蘇漢澤最不喜尤佳鎮的,就是她老是擺出這副高高在上的姿態。

好像全天下的古惑仔,都能被她信手拿捏一般。

對此蘇漢澤沒好氣的冷笑一聲,從兜裡摸出支菸點上。

很是囂張的吐出一口煙霧,正吐在尤佳鎮的面門上。

尤佳鎮不禁微閉起眼睛,眉頭皺了起來。

只是還未開口,便聽到蘇漢澤說道。

“警官,你知不知道你有時候,真的很討嫌啊?

我說過了,不方便就是不方便。

如果今天晚上你抓我去o記過夜,我保證你們之前私闖石峽尾民宅的事情,明天會在媒體上鬧得沸沸揚揚!在沒有搜查命令的情況下捲走市民的錢財,你們這是在欺負人家孤兒寡母不懂港島律法嗎?”

尤佳鎮的眉頭徹底鎖緊,她和蘇漢澤有著同樣的一種心理感受,那就是面前這個矮騾子的難纏程度,遠遠超乎她的想象。

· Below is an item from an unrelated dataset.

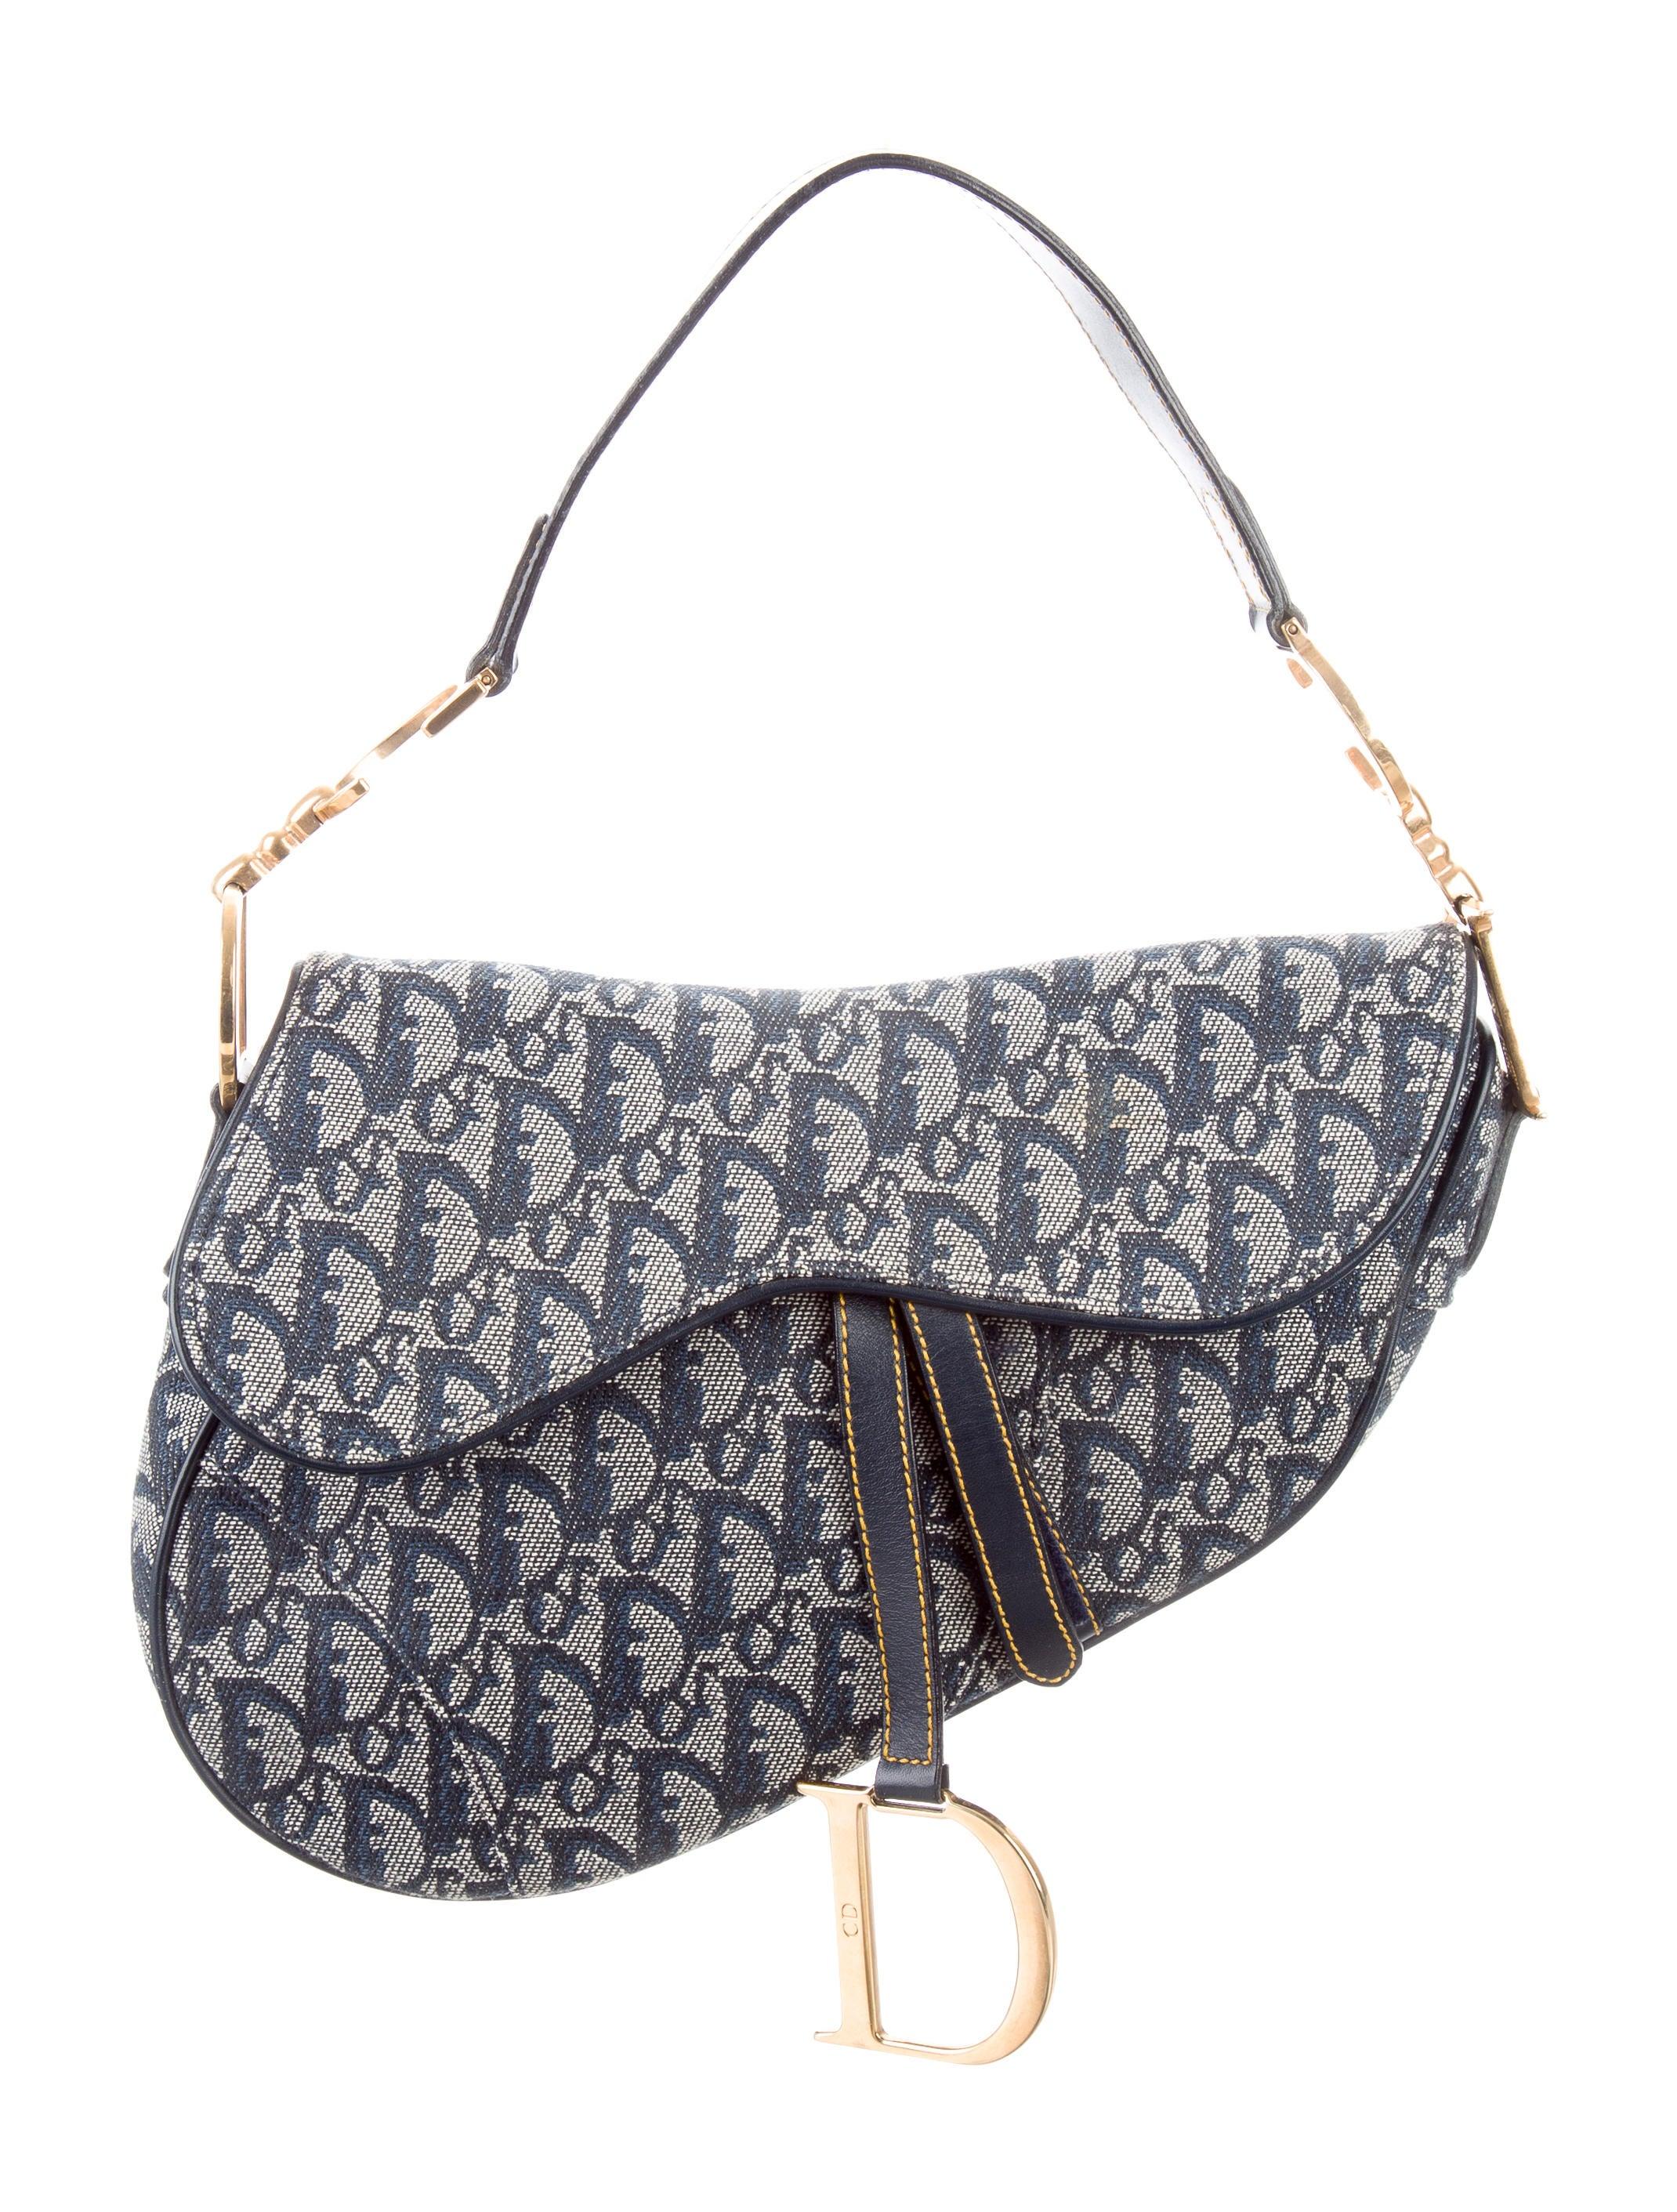 Christian dior diorissimo saddle bag handbags chr jpg 2140x2823 Authentic  christian dior saddle bag 25d85dcf91ac7

接下來未等她開口說話,蘇漢澤夾著煙冷笑一聲,調頭離去,只留給尤佳鎮一個背影。

到底是經驗老道的差人,尤佳鎮並未被蘇漢澤這種挑釁左右住情緒。

她挽了輓額前的短髮,望著蘇漢澤的背影,不動聲色的跟了上去。

蘇漢澤當然注意到尤佳鎮這個差婆,正在一路尾隨著自己。

只不過他什麼話也未多說。

心中暗罵一聲‘痴線’,不由得加快腳下的步伐,往尖東廣場揚長而去。

如果不出意外的話,今晚有個死局,是四眼蛇專門給自己設下的。

他樂得看見尤佳鎮這個差婆跟著自己前往。

尖東廣場,寶萊格酒吧。

這家複式型酒吧,是一家可同時容納三百多號人狂歡的嗨場。

這也是四眼蛇在尖東廣場生意最為紅火的一家場子。

大頭仔楊添此時正守在酒吧門口,不時的看著手腕上那隻a貨勞力士,等候著蘇漢澤的到來。

終於,大頭仔看到蘇漢澤從一臺計程車上走了下來。

當即快步迎了上去。

湊到蘇漢澤身邊道。

“澤哥,都搞清楚了,今晚場子裡確實很不對勁。

幾百個顧客裡,至少有一百多號人是東星堂口的打仔!”

“有沒有人在場子裡搞事?”

“那倒沒有,這些人該消遣的消遣,該買單的買單,眼下看來,都安分的很!”

“有沒有搞清楚這些人,是東星哪個堂口的?”

“尖沙咀沙蜢堂口的嘍,澤哥,擺明了東星這是要給你下馬威啊!”

大頭仔有些緊張的拉住蘇漢澤,示意他不要往場子裡走。

這兩天,雖然十三妹從屯門,葵青兩個堂口借了不少人過來,但畢竟尖東這邊有十八家場子。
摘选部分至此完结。